3. **Metrics Evaluation Repository**: Facilitated performance metric calculations (Repository [4]).

## Results and Discussion
The authors plotted losses and visualized segmentations throughout training. They observed that while their losses were higher than those reported in the original paper, the visual output was satisfactory, showcasing improved segmentations.

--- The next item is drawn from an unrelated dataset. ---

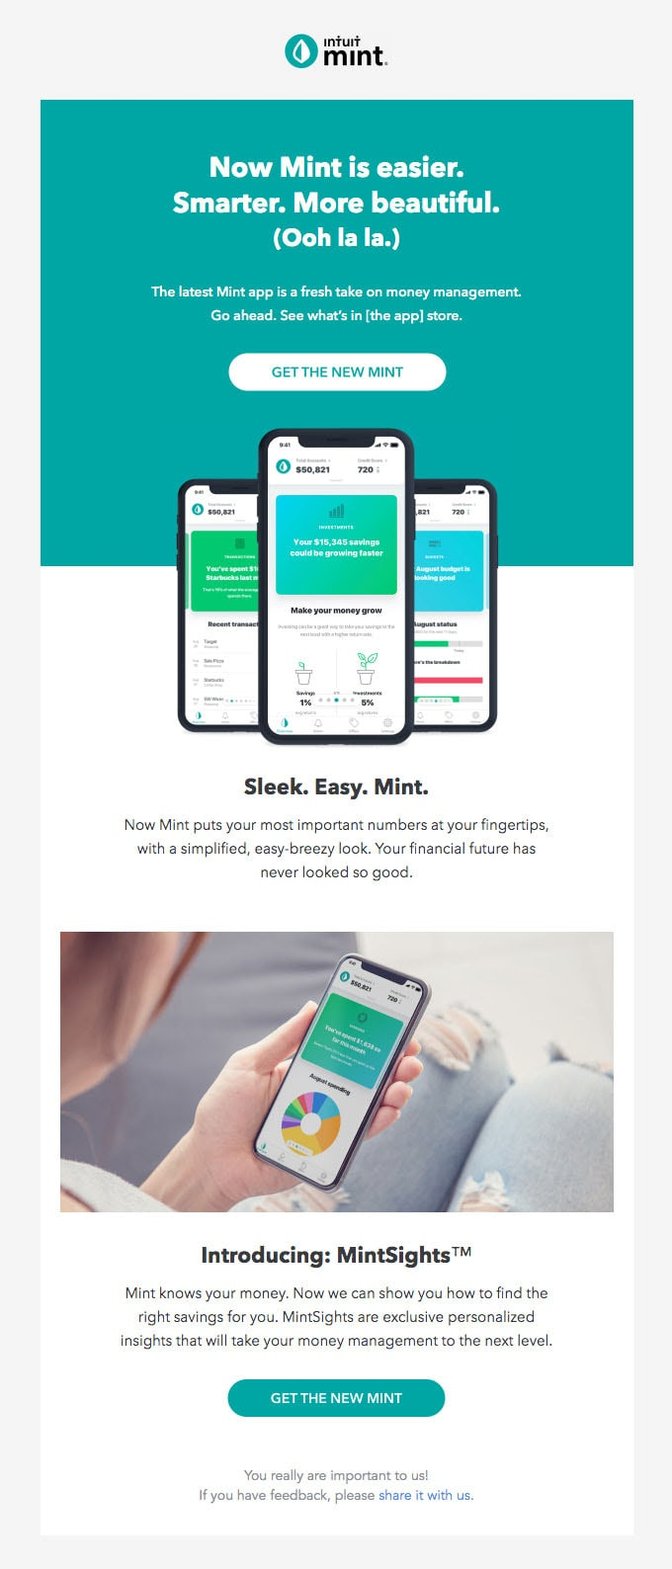 8 Product update email from Mint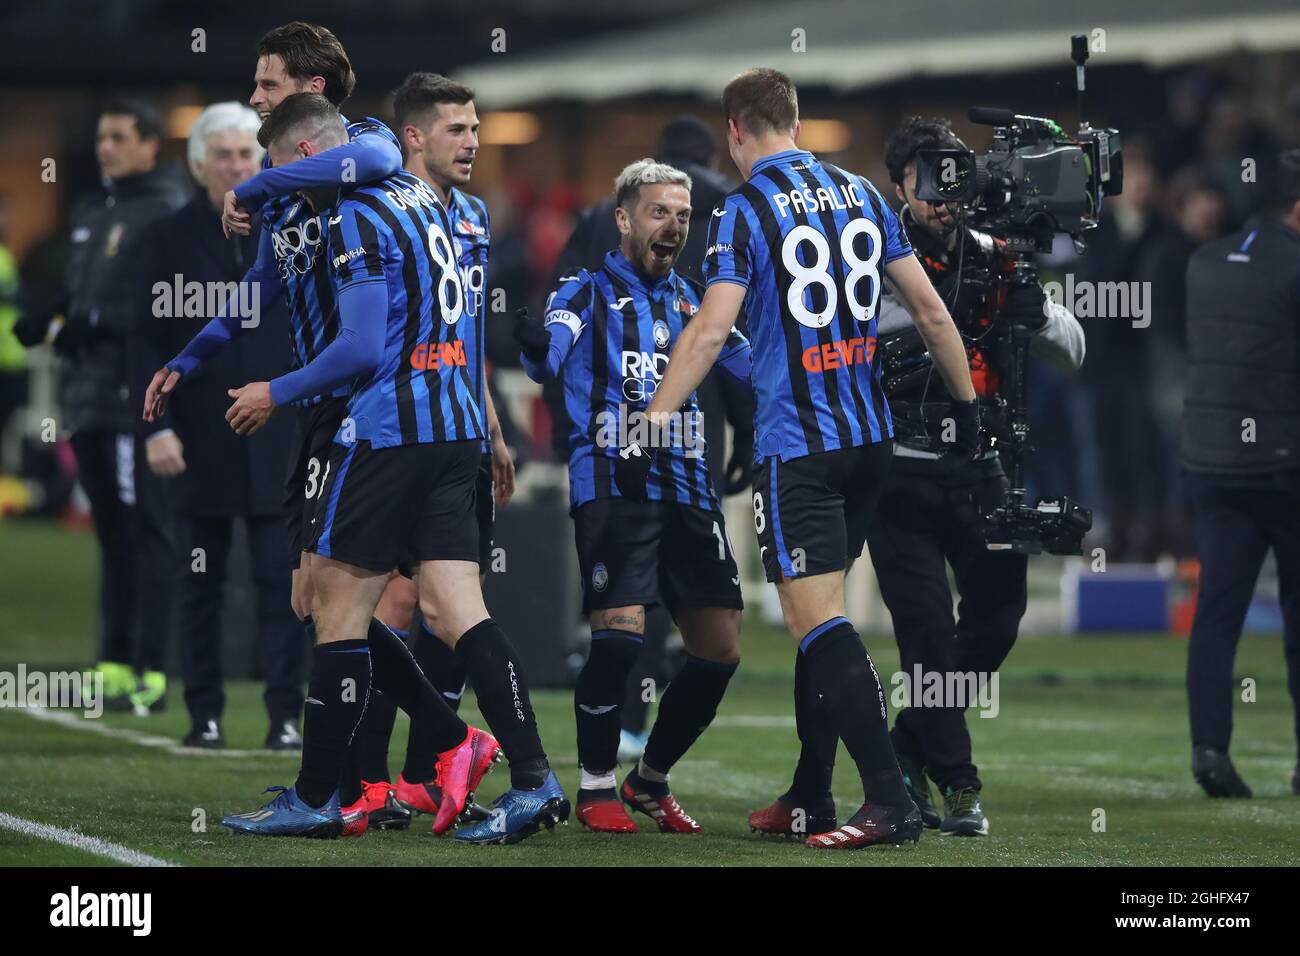 Mario Pasalic of Atalanta celebrates with team mate Alejandro Gomez barely seconds after coming on as a substitute to give the side a 2-1 lead during the Serie A match at Gewiss Stadium, Bergamo. Picture date: 15th February 2020. Picture credit should read: Jonathan Moscrop/Sportimage via PA Images Stock Photo

### Challenges Encountered
Several key parameters were either missing or not clearly mentioned in the original paper, including:
- Model initialization
- Optimizer specifications
- Number of classes (K)

These omissions might have impacted the reproduction results.

## Conclusion
The reproduction of the W-Net model demonstrated promising results despite challenges stemming from incomplete information in the original paper. The authors noted that their visual results were recognizable and closely aligned with the input images, validating the effectiveness of the unsupervised segmentation approach.

## Important Links
- Original paper: [W-Net: A Deep Model for Fully Unsupervised Image Segmentation](https://arxiv.org/abs/1711.08506) [1].
- Repository [2]: [W-Net Implementation in Pytorch](https://github.com/fkodom/wnet-unsupervised-image-segmentation) [2].
- Repository [3]: [W-Net Unsupervised Image Segmentation](https://github.com/fkodom/wnet-unsupervised-image-segmentation) [3].
- Repository [4]: [BSD500-Segmentation-Evaluator](https://github.com/KuangHaofei/BSD500-Segmentation-Evaluator) [4].
- Quantifying Reproducibility: [A Step Toward Quantifying Independently Reproducible Machine Learning Research](http://arxiv.org/abs/1909.06674) [5].

---

This markdown summary captures the essence of the blog post along with key findings and relevant links to the sources discussed.